This may seem callous, but I’ll say it anyway: Steve Jobs’ death is less important to and telling about this country than the popular reaction to Steve Jobs’ death.

People die all the time. John Shalikashvili died over the summer. Some of you are probably wondering, who the hell was that? He was a general.  I had never imagined that I’d say his name in the same breath as Amy Winehouse’s, but they kicked the bucket the same week, so there we have it. John Shalikashvili is just as dead as Steve Jobs and Amy Winehouse, but no one gives a shit. Former commander of the Joint Chiefs of Staff? Borrrrrring. Tech guru? Aww, the poor thing, gone before his time. Whiskey-besotted train wreck of a singer? Same reaction. (Be judicious with the coke and liquor, kids.)

Think back to the collective wailing and gnashing of teeth over the death of Michael Jackson. How was it a surprise that a tortured, twisted, disturbed soul like him died young? When he was on trial for child molestation, I had trouble imagining him lasting a month in prison.  (Be judicious with the propofol, kids. And the quack cardiologists. And the private amusement parks.)

The shock isn’t just because these people died young. David Halberstam died young, killed by an errant motorist in Redwood City. That registered here and there, but not a whole lot. Halberstam was just a serious, widely read historian. Bo-ring.

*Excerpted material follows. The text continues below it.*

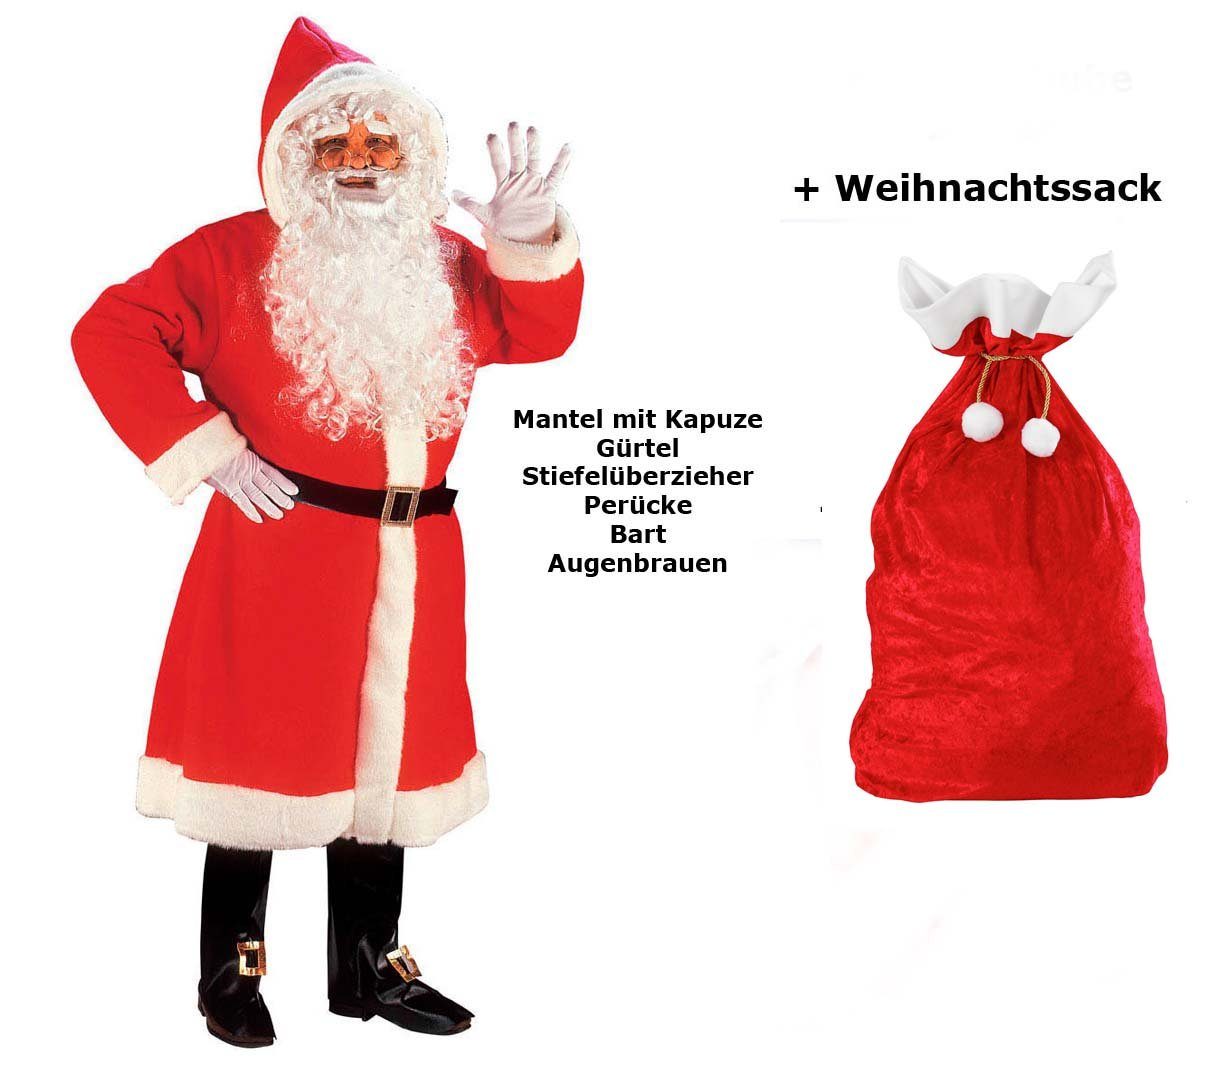 Scherzwelt Weihnachtsmann Luxus Weihnachtmann Mantel mit Perücke, Bart, ...M/L - Set mit Sack, Weihnachtsmannkostüm, Weihnachtskostüm, Weihnachtsmann

I’ll be interested to see the popular reaction when Jimmy Carter dies. There wasn’t much of one when Gerald Ford died. The guy was a fucking president of the United States of America and most people yawned when they heard of his death. (Gerald who?) Nixon got a bit more press that he couldn’t enjoy (at least from the known conscious realm), and rightly so; the country that ignores such a politician does so at its own peril.

Reagan got a huge send-off, but I hesitate to draw a line between the portion that was motivated by genuine respect or love and the portion that was motivated by personality cultism. Every bog-standard Republican demagogue takes Ronald Reagan’s name in vain because that’s what shysters do to honor their gods.

A good rule of thumb when listening to Republican stories about Reagan is to presume bullshit and adjust appraisals accordingly as evidence of accuracy surfaces. These stories are hagiographies, but more so. Many religious hagiographies have the purpose of describing something resembling the mighty and worthy deeds of the saint in question; political hagiographies more often describe what the hagiographers wish the saint had done, not what he actually did, because their real purpose is to give an unauthorized blessing to any number of agendas, usually devious.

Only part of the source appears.